The rest of the day was blissfully slow. We lounged, snacked, journaled, and gazed out over the scrubby expanse, watching the light shift across the land like a slow-moving tide. The wind rustled through the spinifex, the sun dipped low, and we felt that familiar joy of being exactly where we’re meant to be.

Day 18 – 7 August 2025: From Peaks to Petals & Gorges Galore

Well, all good things must come to an end—even a blissful stay atop Mount Shiela. So today, we packed up, dropped into very low gear, and began the slow, careful descent down the mountain. Let’s just say we weren’t in a hurry. The road may be sealed, but it still demands respect—and a bit of white-knuckle concentration. We crept down like seasoned mountain goats in a 6.5-tonne truck, laughing at how cautious we’ve become. Age, wisdom, or just a healthy fear of gravity? Who’s to say.

Once back on level ground, we set off to explore the surrounding country, and wow—what a treat. By lunchtime, we were surrounded by Sturt’s Desert Pea flowers, their vivid red petals and black centres popping against the rich Pilbara earth. They’re like little botanical fireworks, scattered across the spinifex like nature’s confetti. The land here is a painter’s dream—deep reds, golden grasses, and endless sky.

By 2:30pm, we arrived at Hamersley Gorge, one of the true jewels of Karijini National Park. It’s been years since we last visited, and while the gorge itself hasn’t aged a day, the visitor numbers certainly have grown. The folded bands of ancient rock still ripple with colour and texture, and the pools shimmer like liquid opals—but we did have to share the magic with a few dozen fellow admirers. Still, it’s hard to complain when you’re standing in a place carved by time and kissed by sunlight.

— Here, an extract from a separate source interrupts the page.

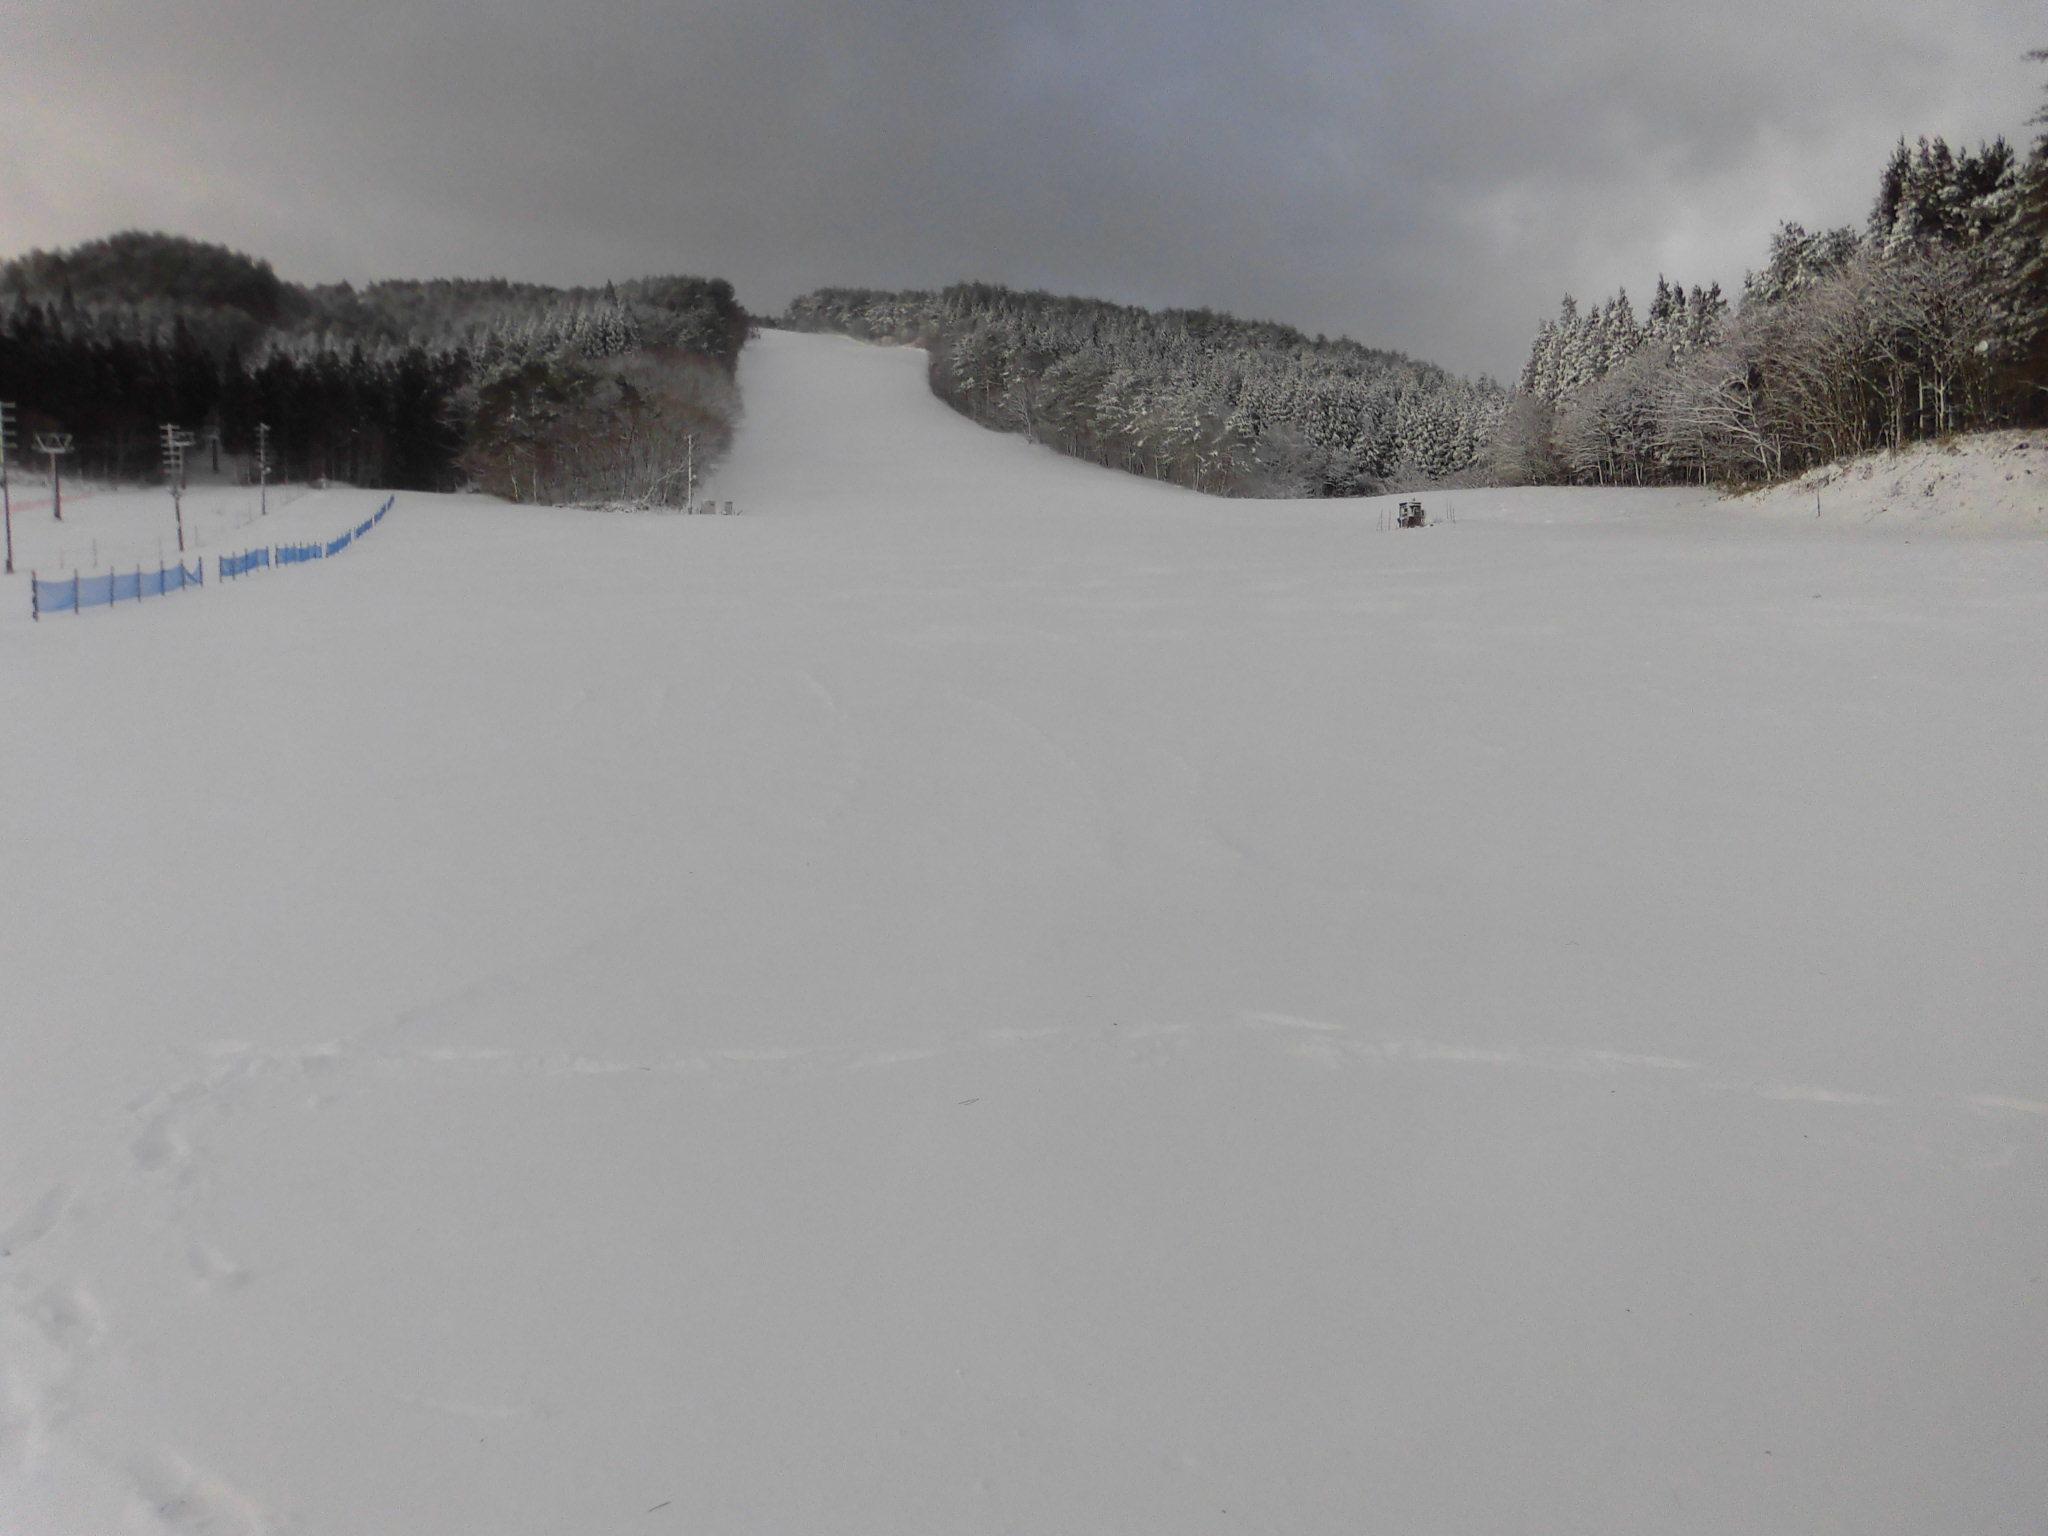 令和2年2月24日(月) 天気:晴れ 気温:-3℃ 積雪:25㎝ 一部滑走可能_e0306207_07465872.jpg

After soaking in the scene (and dodging a few selfie sticks), we headed off in search of solitude. Our destination: Rio Tinto Gorge, a lesser-known spot that promised peace and quiet. And it delivered. We found a perfect camp with views of the railway line, and settled in just in time to watch one of those monster iron ore trains glide past. Surprisingly quiet for something so massive—it was like watching a steel ghost slip through the landscape.

As the sun dipped low, we kicked back with a couple of drinks, surrounded by spinifex and silence, grateful for the contrast: crowds and colour by day, calm and quiet by night.

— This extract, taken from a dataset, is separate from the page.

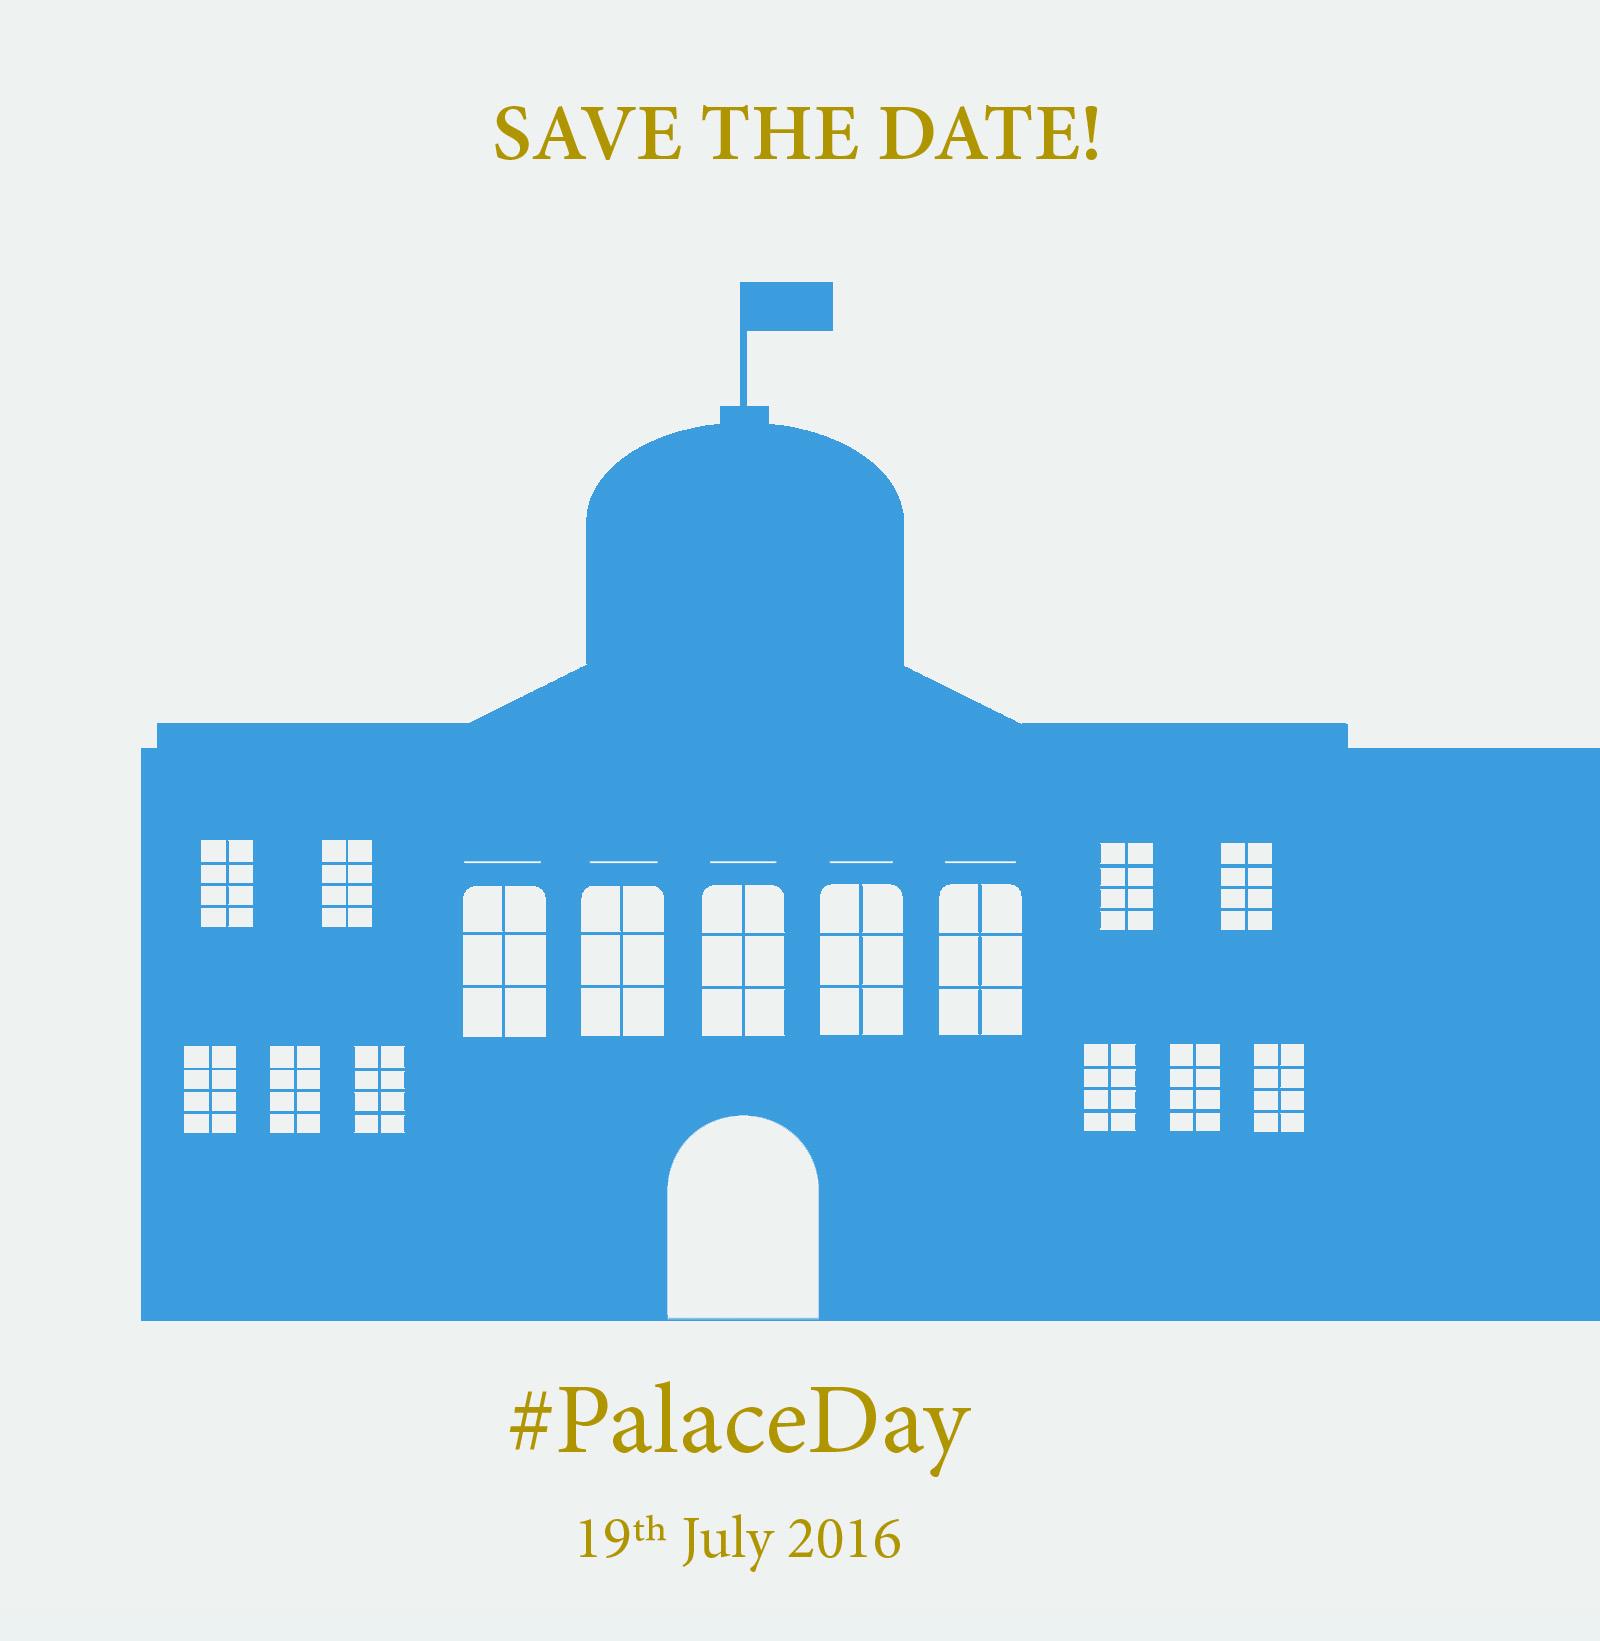 palaceday łazienki królewskie

Day 19/20 – 8/9 August 2025: Bee Gorge Stillness & Thai Daydreams

After the drama of Karijini’s gorges, today’s short drive to Bee Gorge felt like slipping into a quieter rhythm. We found a peaceful nook to set up camp for two nights—just us, the rustle of spinifex, and the soft hush of country that’s seen fire and renewal.

The surrounding landscape bore the scars of a recent bushfire—charred trunks, blackened earth, and that eerie stillness that follows nature’s cleansing. Yet even here, signs of resilience were everywhere. Green shoots poked through the ash, and the air carried that faint, smoky scent that lingers long after the flames have gone.

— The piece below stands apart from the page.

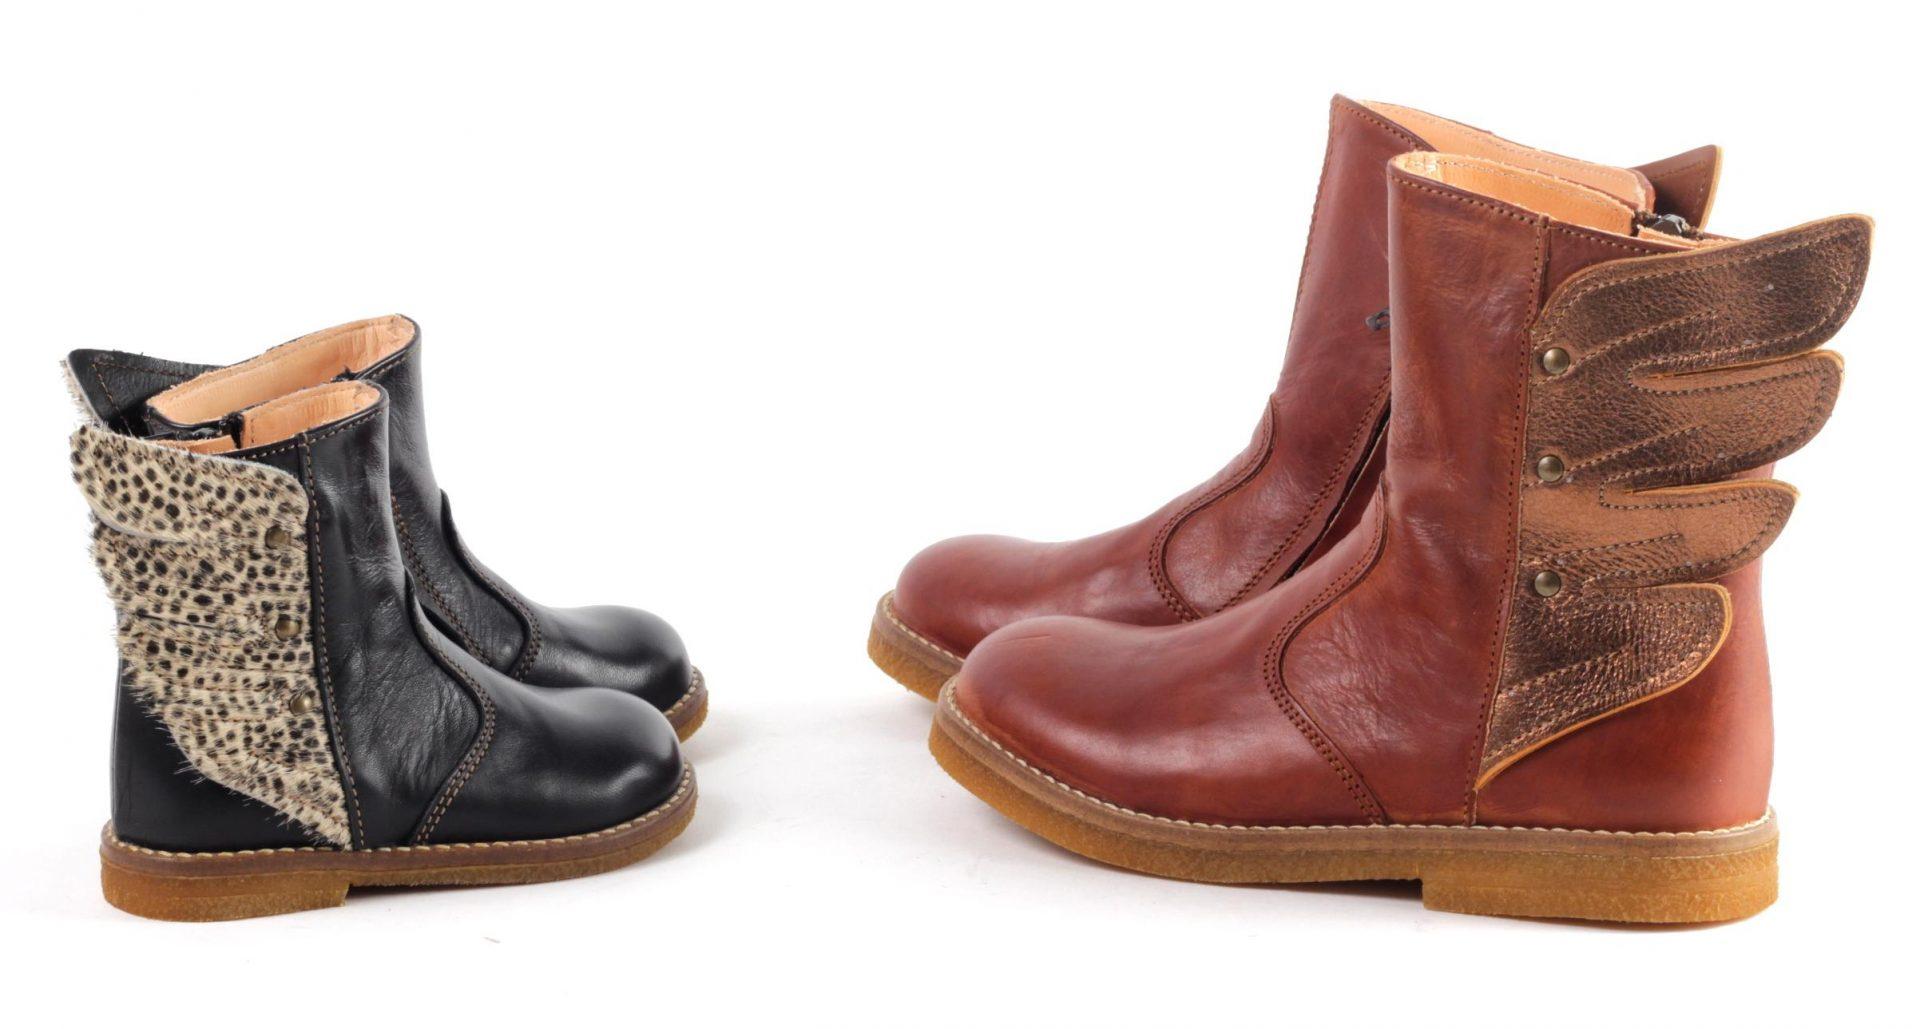 Ocra vleugeltjes1 - Schoenen online kopen

With the truck settled, we traded wheels for walking boots and set off to explore the gorge on foot. Twisted gums stood like sentinels, and rocky outcrops offered quiet places to sit and reflect. No dramatic vistas—just the intimate charm of a land slowly healing.

Back at camp, we turned our attention to planning more of our Thailand adventure. Between swats at persistent flies and sips of tea, we browsed jungle stays and island escapes, dreaming of elephants, temples, and turquoise waters. The contrast between Bee Gorge’s earthy stillness and Thailand’s lush promise made the planning feel like a bridge between worlds.

Evenings were quiet—no campfire this time, just the soft glow of dusk and the stars blinking into view. We watched the light fade across the gorge, grateful for the solitude, the space to breathe, and the gentle reminder that even burnt country holds beauty.